▶ PROBLEM TO WORK ON
This exercise calls for retyping every line below exactly, with the images omitted.

▶ DATA SHOWN
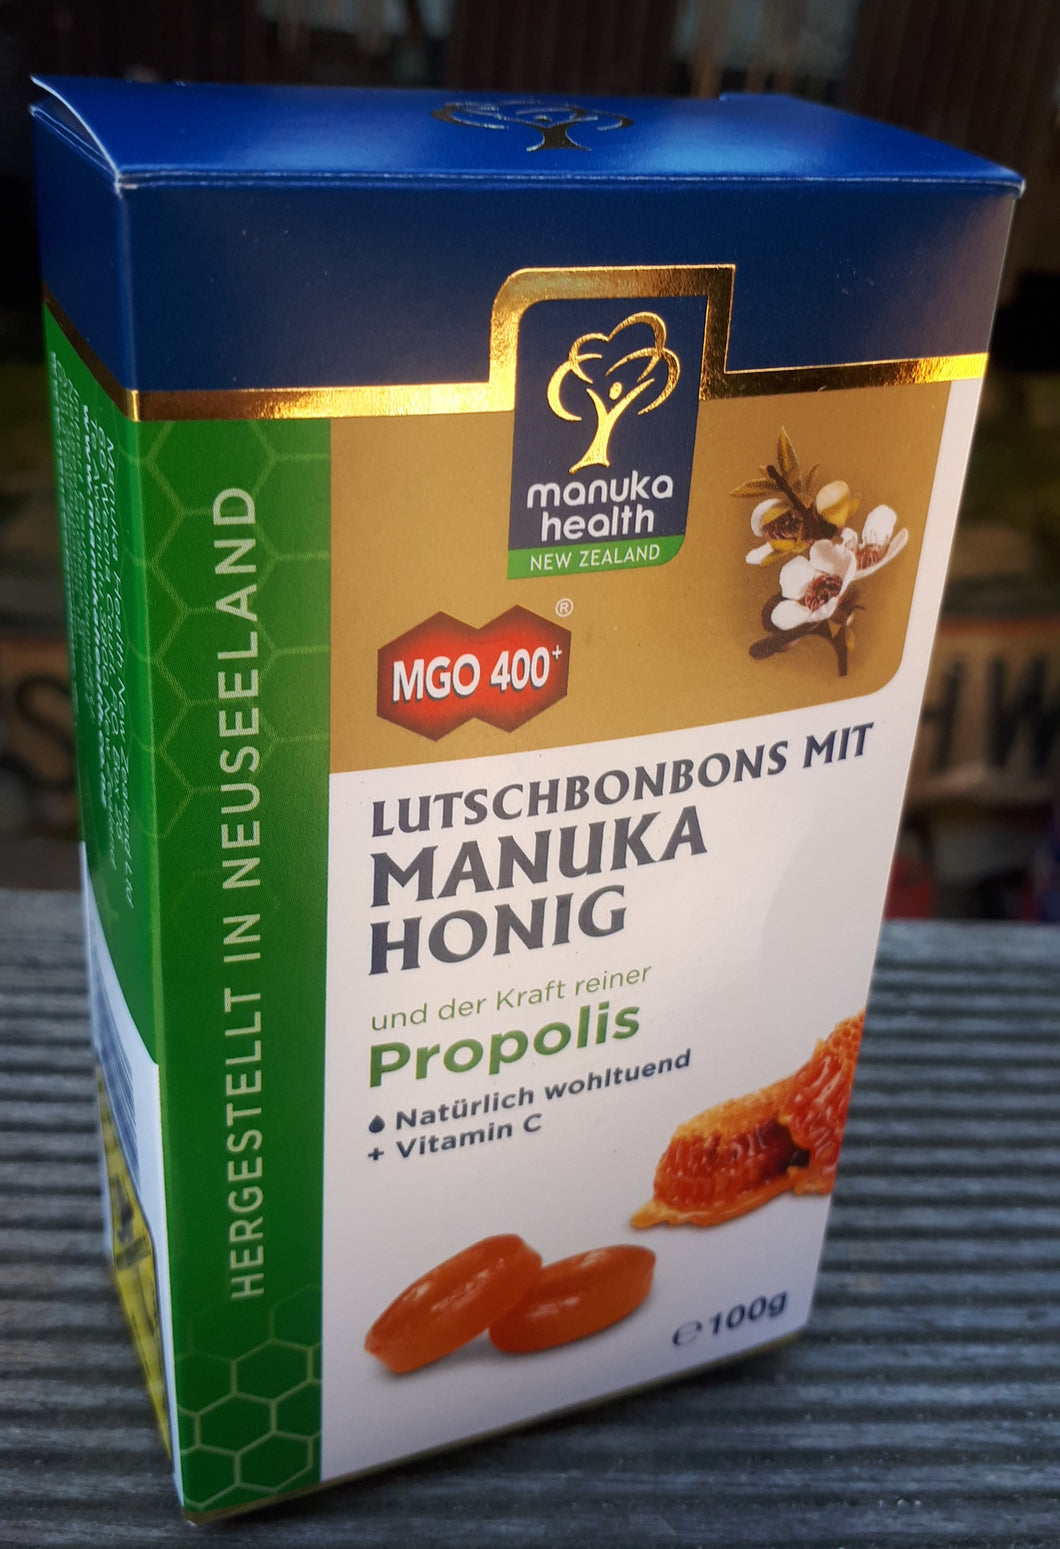 Manuka Honig Lutsch Bonbons Propolis - wohltuend im Hals ! *
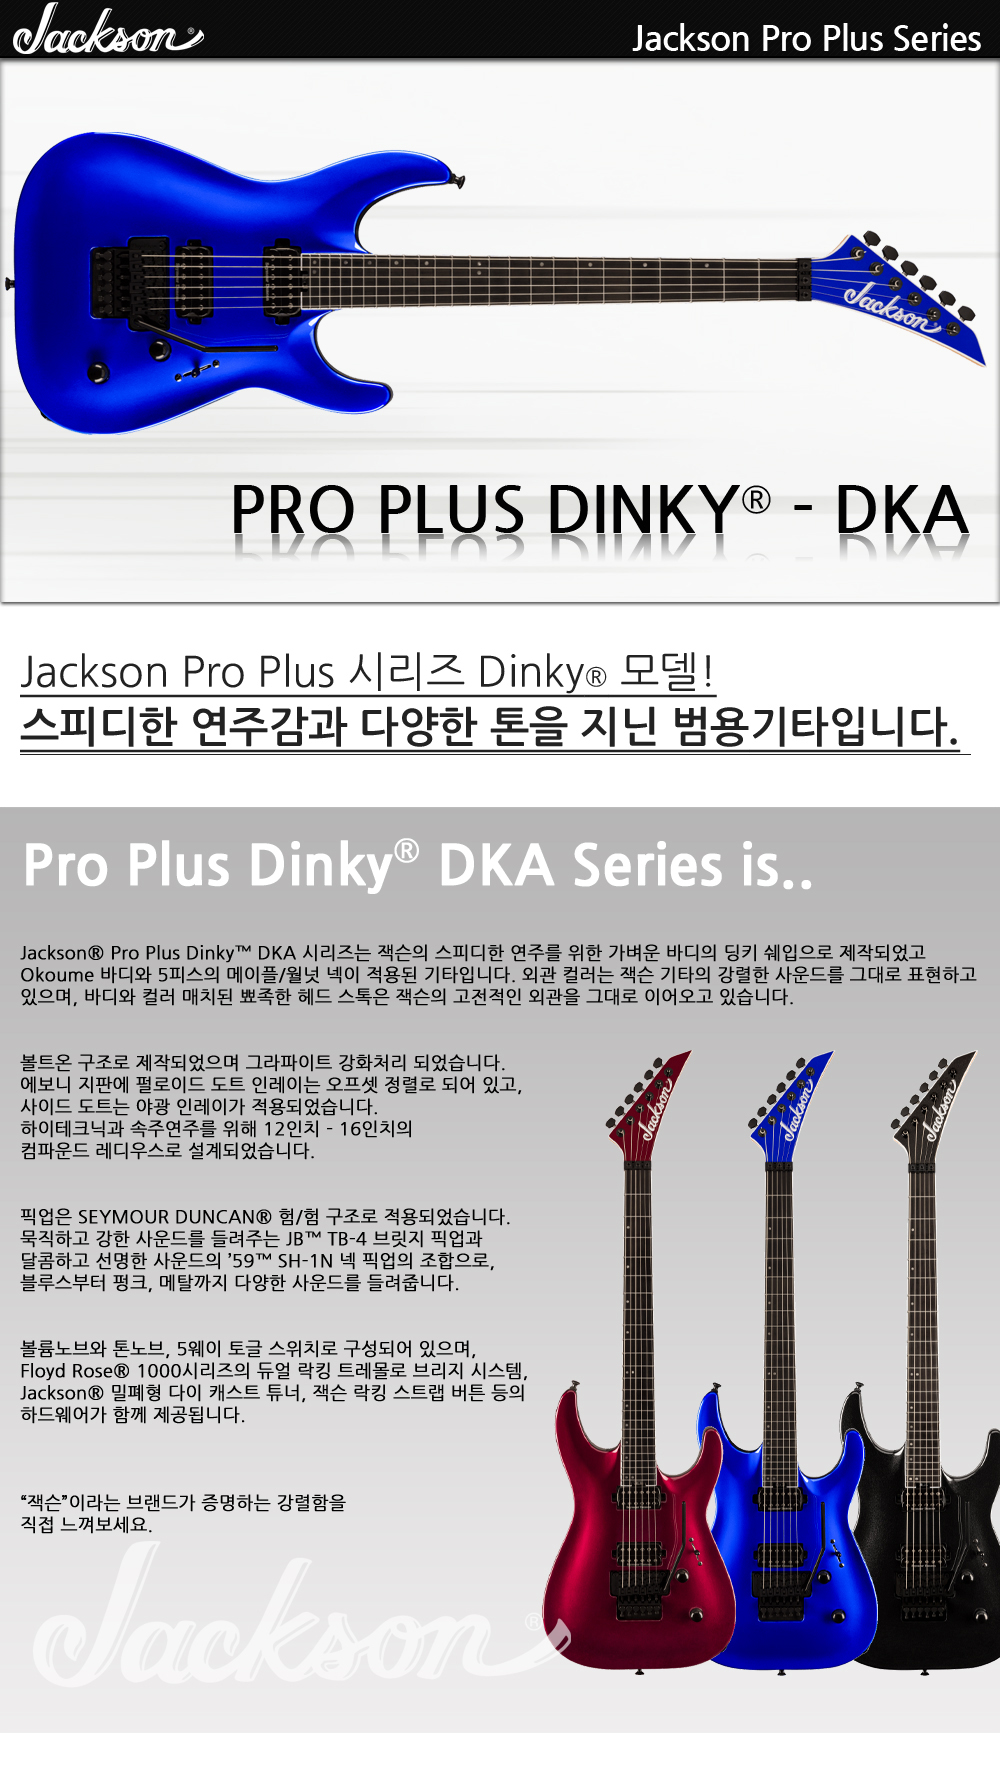 Jackson-ProPlus-Dinky-DKA-IndigoBlue_1_131256.jpg
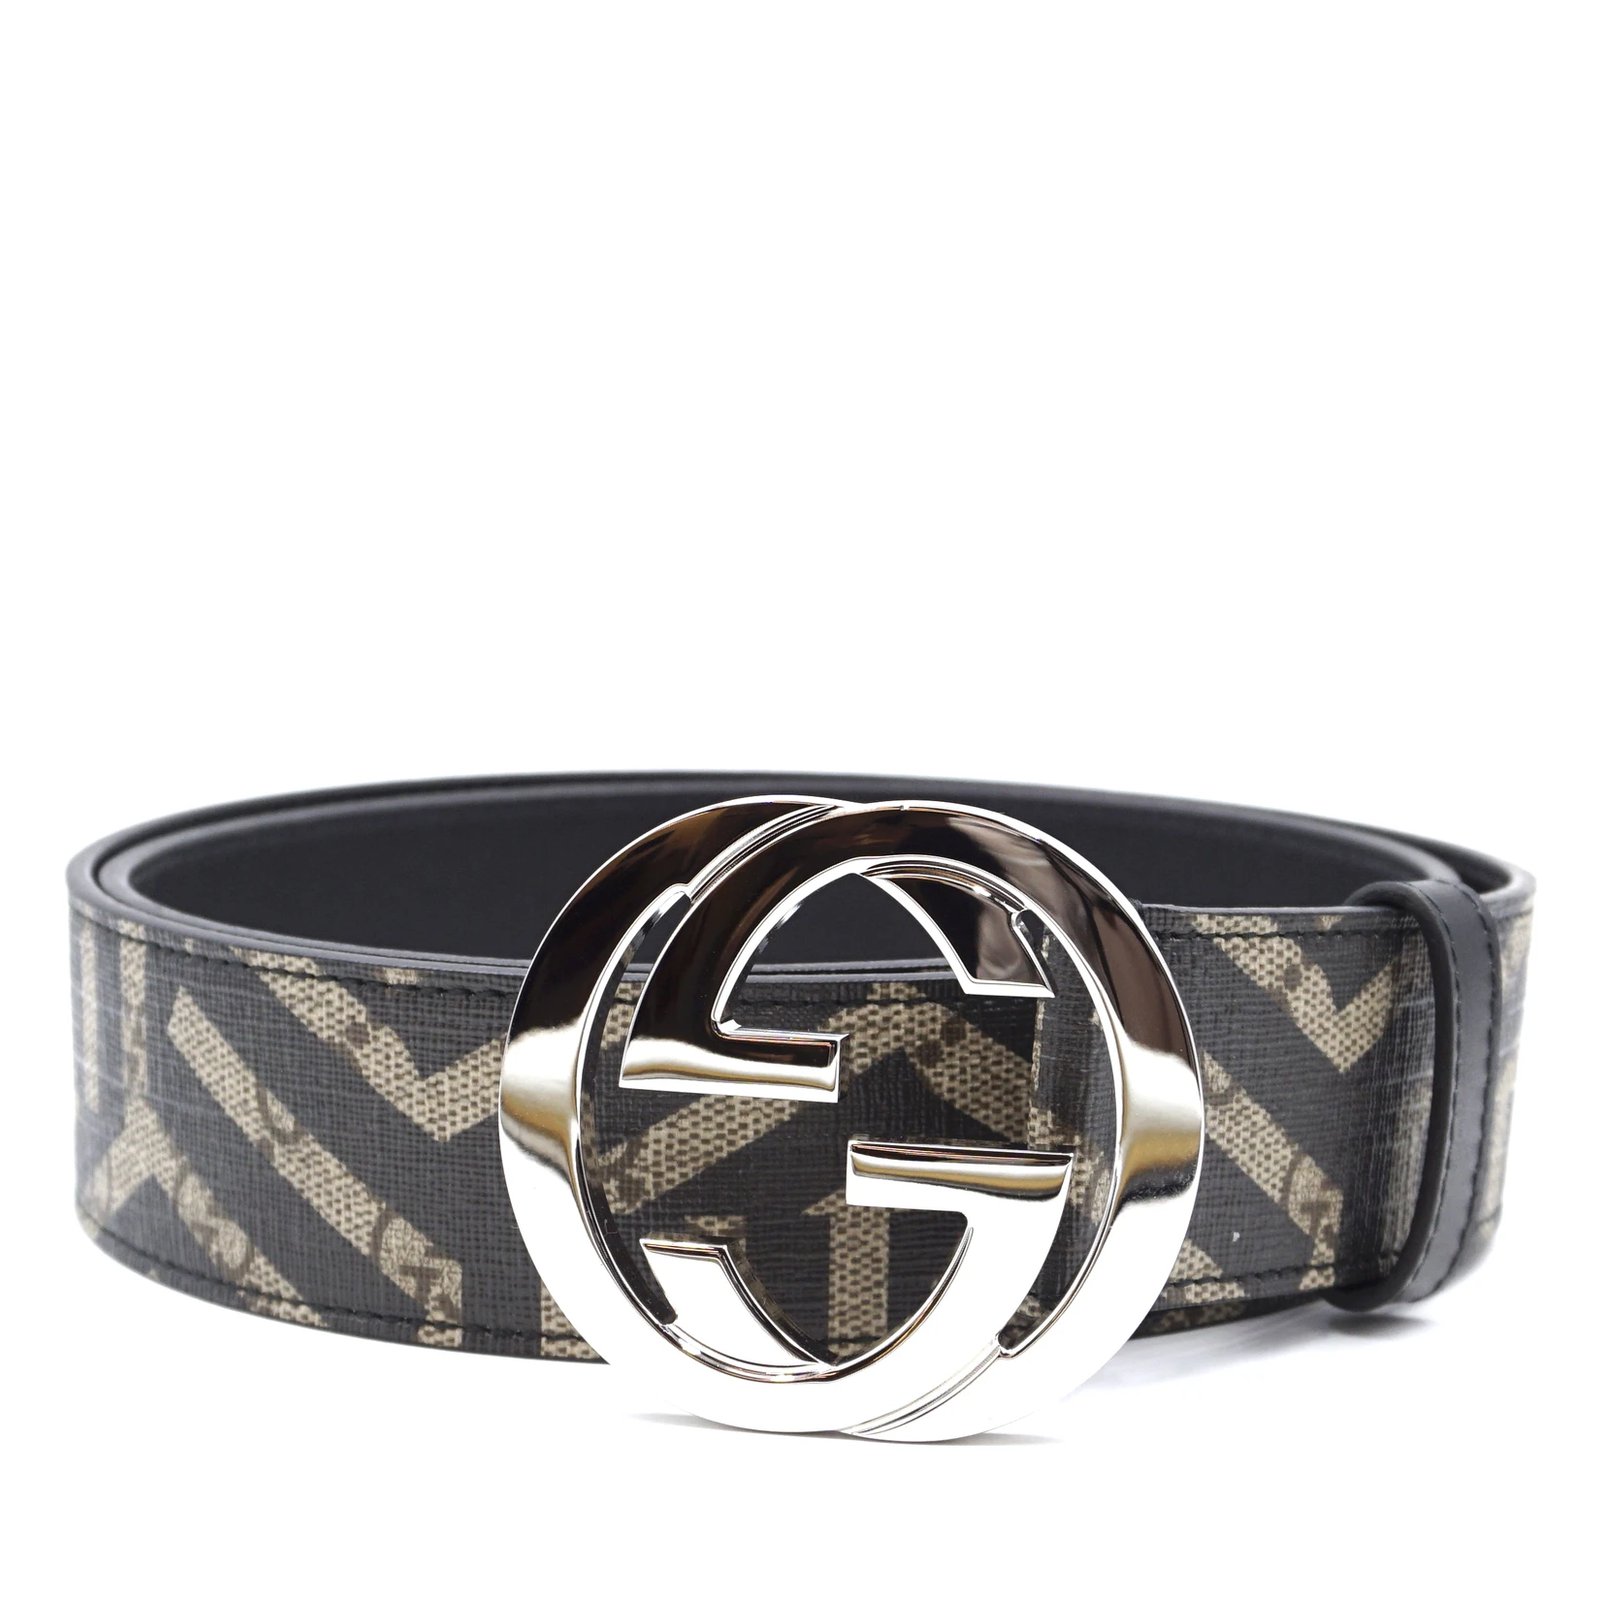 Gucci Gucci Beige Black GG Leather Supreme Caleido Belt Size 100/40 Belts Leather Multiple ...

▶ RESULT
 Manuka Honig Lutsch Bonbons Propolis - wohltuend im Hals ! *
 Jackson-ProPlus-Dinky-DKA-IndigoBlue_1_131256.jpg
 Gucci Gucci Beige Black GG Leather Supreme Caleido Belt Size 100/40 Belts Leather Multiple ...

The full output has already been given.